As Brady mentions, although the wars of colonial America and the American Revolution housed conflict within North America, the Civil War was the first prolonged and large-scale series of battles to occur on American soil. This compounded with the technology that made the Civil War the first “modern” war in American history places this monograph at the beginning of an age where we see a shift in the way Americans interact within the environment – particularly as industrialization spread rampantly across the United States (4). Additionally by discussing environmental history in conjunction with military history, Brady is able to write a narrative that emphasizes the idea of nature and man as independent, but inherently linked agents. I think this is brought up effectively in Emily’s post where she juxtaposes Brady’s discussion of nature’s “power to shape human decisions” and how Union generals used their own northern ideas about improving, civilizing, and conquering nature in establishing a battle strategy against the Confederacy (emkrall).

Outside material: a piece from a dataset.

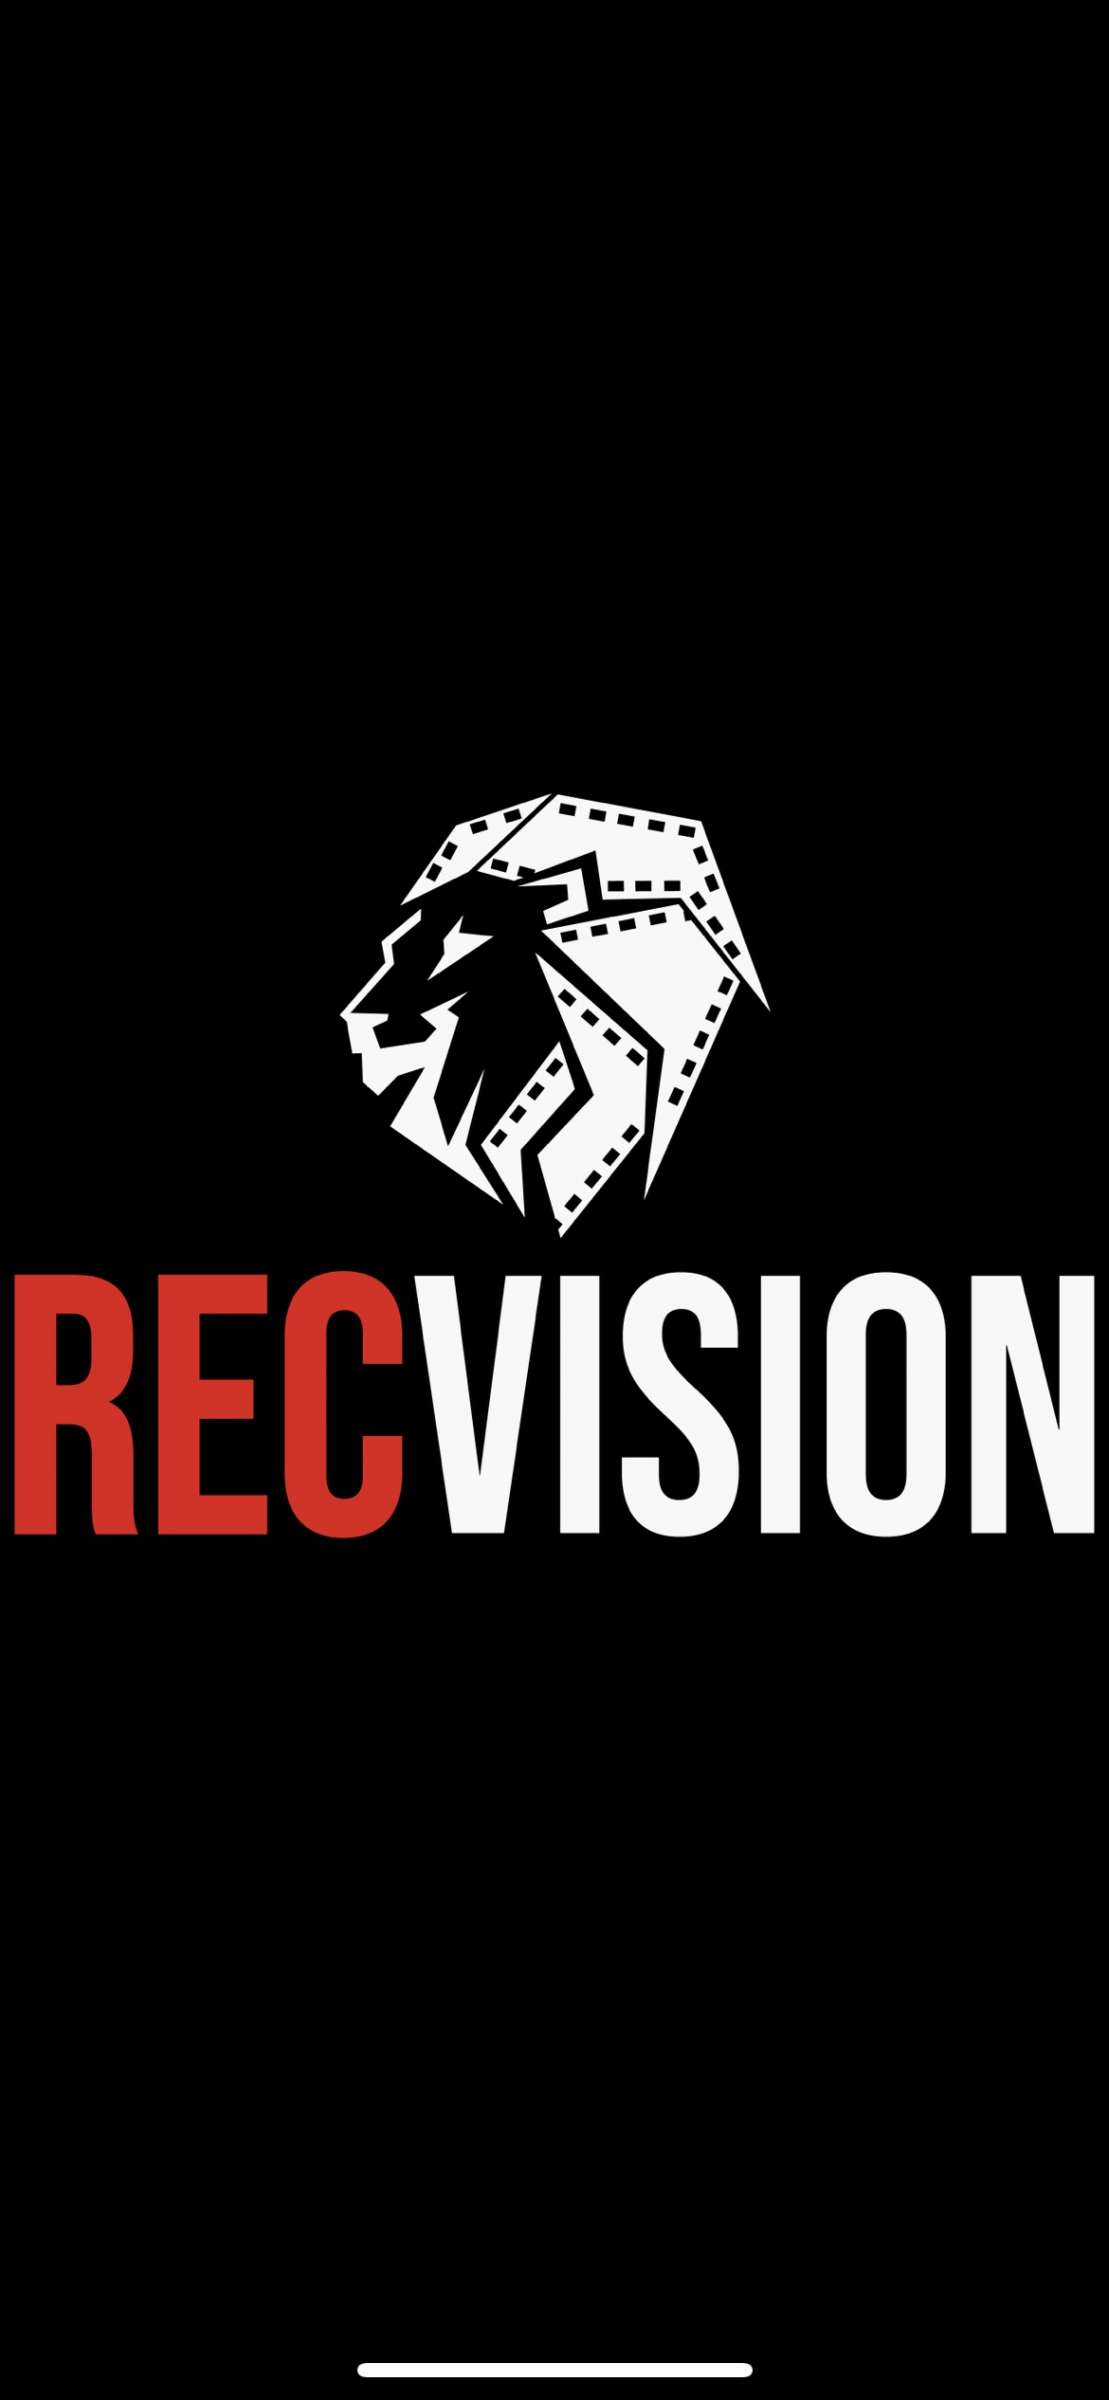 RecVision Videography - Schweinfurt - Werbefilm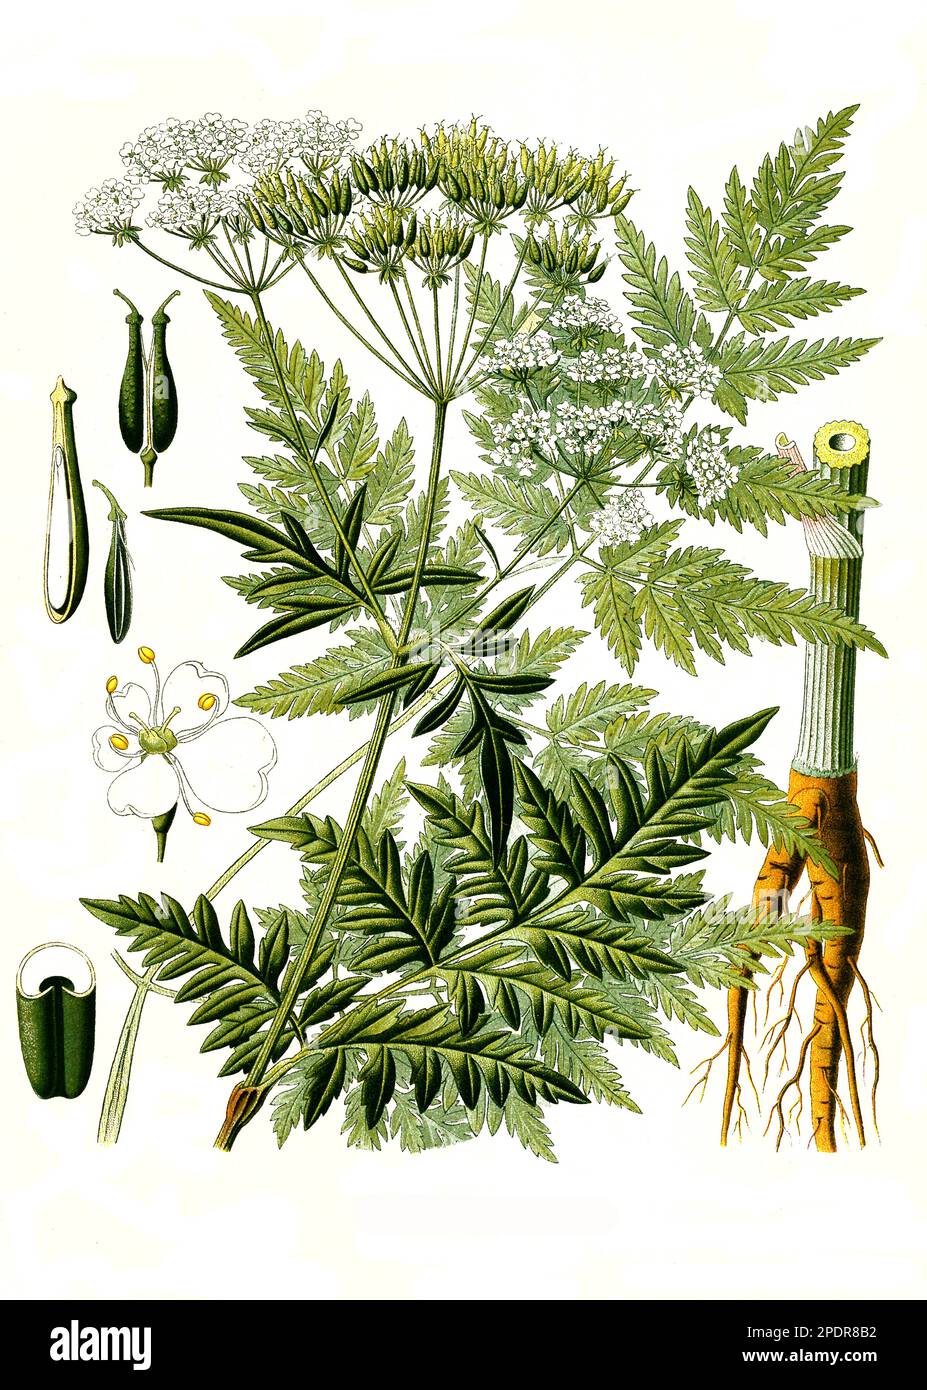 Heilpflanze, Wiesen-Kerbel (Anthriscus sylvestris) ist eine Pflanzenart aus der Gattung Kerbel, Historisch, digital restaurierte Reproduktion von einer Vorlage aus dem 18. Jahrhundert Stock Photo

Another piece of War Upon the Land that I appreciated was Brady’s use of the concept of “agroecosystems” or “domesticated ecosystems” (9). I think the most effective deployment of these agroecosystems was the ability to use them to highlight the differences between northern and southern farmers leading up to the Civil War. While southern lifestyle was dominated by plantation farms, most northern yeoman looked at their much smaller farmland with industrialist perspectives because the environment did not direct the culture of the North (18). I also think you see the clash between these two divergent environmental cultures in examples like the Union’s efforts to redirect the Mississippi River in the early years of the Civil War. Before finally being able to “embrace the hybrid nature of the river’s landscape,” General Grant’s Union soldiers unsuccessfully tried to turn the river twice, and as a result they suffered at the hands of diseases that plagued the mosquito-ridden region (48). It was not until northerners sought to understand the southern agroecosystem and “ally” with “their erstwhile nemesis, water” that the Union was able to use the southern environment for their own directives (41). Through this work, I think Brady was successful at establishing a framework for future historians to assess the ongoing cause and effect relationship between war and the environment as well as developing an effective frame in which to view nature as an actor in American history.